Personal information
- Born: March 6, 2003 (age 23) Salt Lake City, Utah, U.S.
- Height: 6 ft 0 in (1.82 m)

Skiing career
- Sport: Alpine skiing
- Club: Wasatch Freestyle
- Disciplines: Freestyle skiing, Moguls
- World Cup debut: Ruka, Finland, December 4, 2021 (5th place; age 18)

Olympics
- Teams: 1 (2022)

World Cup
- Seasons: 1

= Cole McDonald (skier) =

American freestyle skier (born 2003)

Cole McDonald (born March 6, 2003) is an American freestyle skier. He joined the US Ski & Snowboard's U.S. Freestyle Ski Team (Development Team) in July 2021. In the same season as his first World Cup, he earned a spot on the U.S. Men's Moguls Team at the 2022 Winter Olympics in Beijing, making him the youngest American male mogul skier to participate in the Olympics at 18 years of age. McDonald was named World Cup Rookie of the Year in 2022.

==Career==

=== Early years ===
McDonald was introduced to mogul skiing in his hometown of Park City, Utah when he joined Wasatch Freestyle at the age of seven. "When I'm not skiing moguls, I'm skiing moguls in my head," he said in a video from Wasatch Freestyle. He quickly took to the sport and ramped up accolades over the years.

Before making the U.S. Ski Team, some of the more recent accolades include a third-place finish at the 2021 U.S. Freestyle Moguls National Championships at Snowbird, Utah; second place at the 2020 NorAm Cup at Val St-Come in Canada; third place finish at Calgary, Canada, at the 2020 NorAm Cup; and first place in Singles at the 2020 U.S. Jr Nationals at Winter Park, Colorado.

Thus far, he has accumulated nineteen Top 10 finishes and five FIS podiums, including his best World Cup finish: 4th place in dual moguls at Alpe d'Huez in 2021.

McDonald was selected to forerun the FIS World Cup at Deer Valley Resort in Park City, Utah—his hometown—from 2017-2021. On January 13–14, 2022, McDonald returned as a competitor in the World Cup circuit.

Growing up, he watched videos of accomplished skiers, such as Canadians Mikael Kingsbury and Alexandre Bilodeau, in order to reform his own technique and achieve his Olympic dreams.

McDonald graduated from The Winter Sports School in 2020. The following year, on July 16, 2021, McDonald was named to the U.S. Freestyle Mogul Ski Team's Development Team (D Team), the first of its kind.
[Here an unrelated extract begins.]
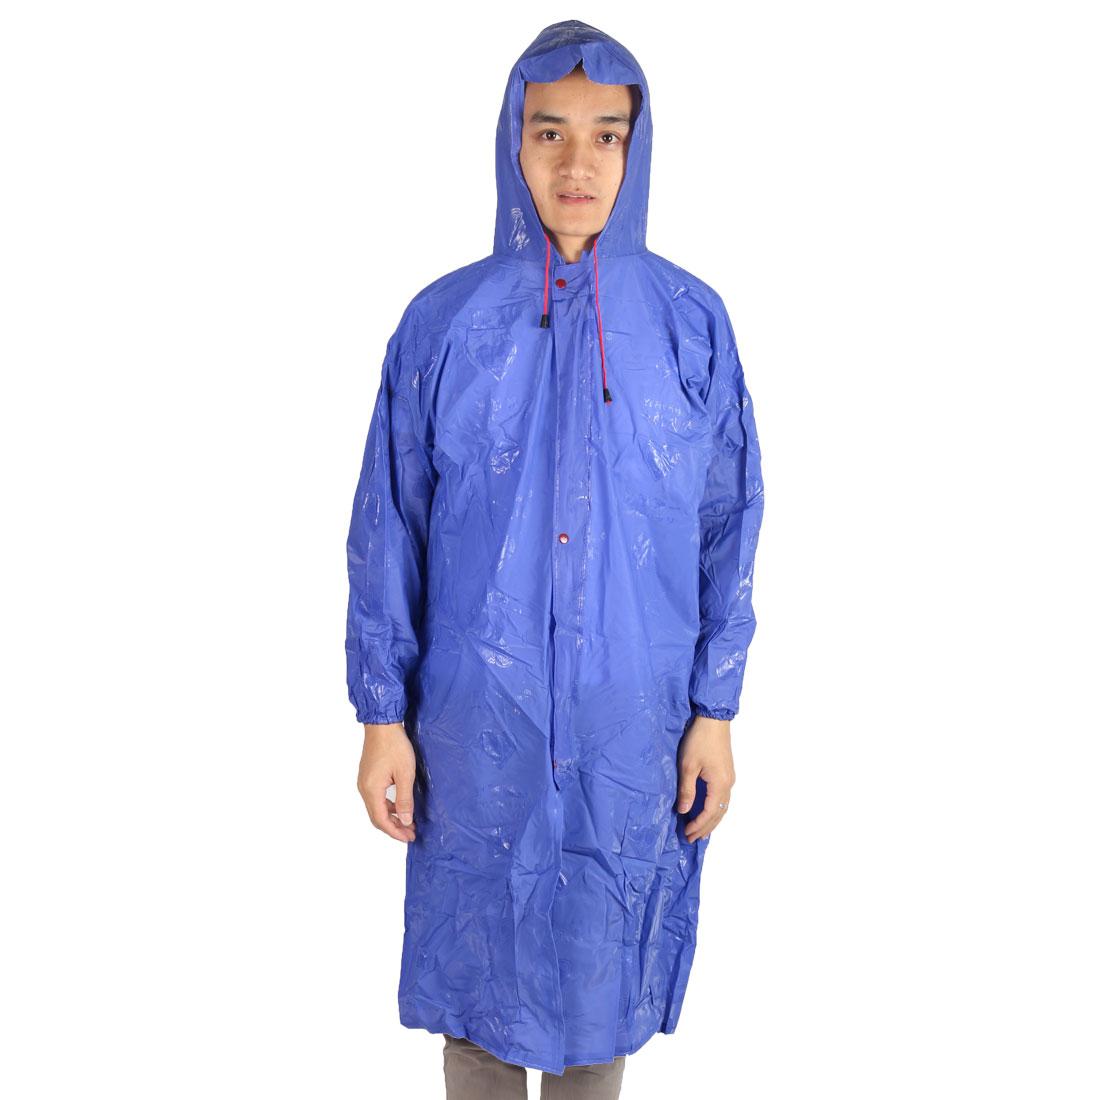 Outdoor Camping Hiking Motorcycle Plastic Water Resistant Dustproof Raincoat Protector Blue

McDonald's nomination for the team was based on his 11th FIS points list of the 2021 season for FIS junior age-eligible athletes.

=== World Cup debut ===
McDonald earned first place at the FIS open mogul competition at Idre Fjall in Sweden on November 21, 2021, which extended him his first World Cup start. It was a historic event with a "record-breaking number of participants," according to the International Ski Federation (FIS).

In December 2021, he made his official World Cup debut at Ruka, Finland as the youngest competitor, leading the United States with a fifth-place finish. Throughout the World Cup circuit, announcers labeled McDonald as a "youngster" and "unheralded." Mogul skier and 2014 Winter Olympian Ludvig Fjällströ also described McDonald as a "tall American" after his first-place finish at Idre.

McDonald bested his Ruka opening at Alpe D'Huez in France on December 18, 2021. He ranked 4th place in dual moguls and competed directly with top-ranked mogul skiers, including Kingsbury and Ikuma Horishima of Japan—the latter with whom he dueled in the small finals. He came in fourth behind Kingsbury, Water Wallberg of Sweden, and Horishima, respectively.

McDonald's top finishes in the five World Cup starts earned him a spot on the 2022 Winter Olympic Team.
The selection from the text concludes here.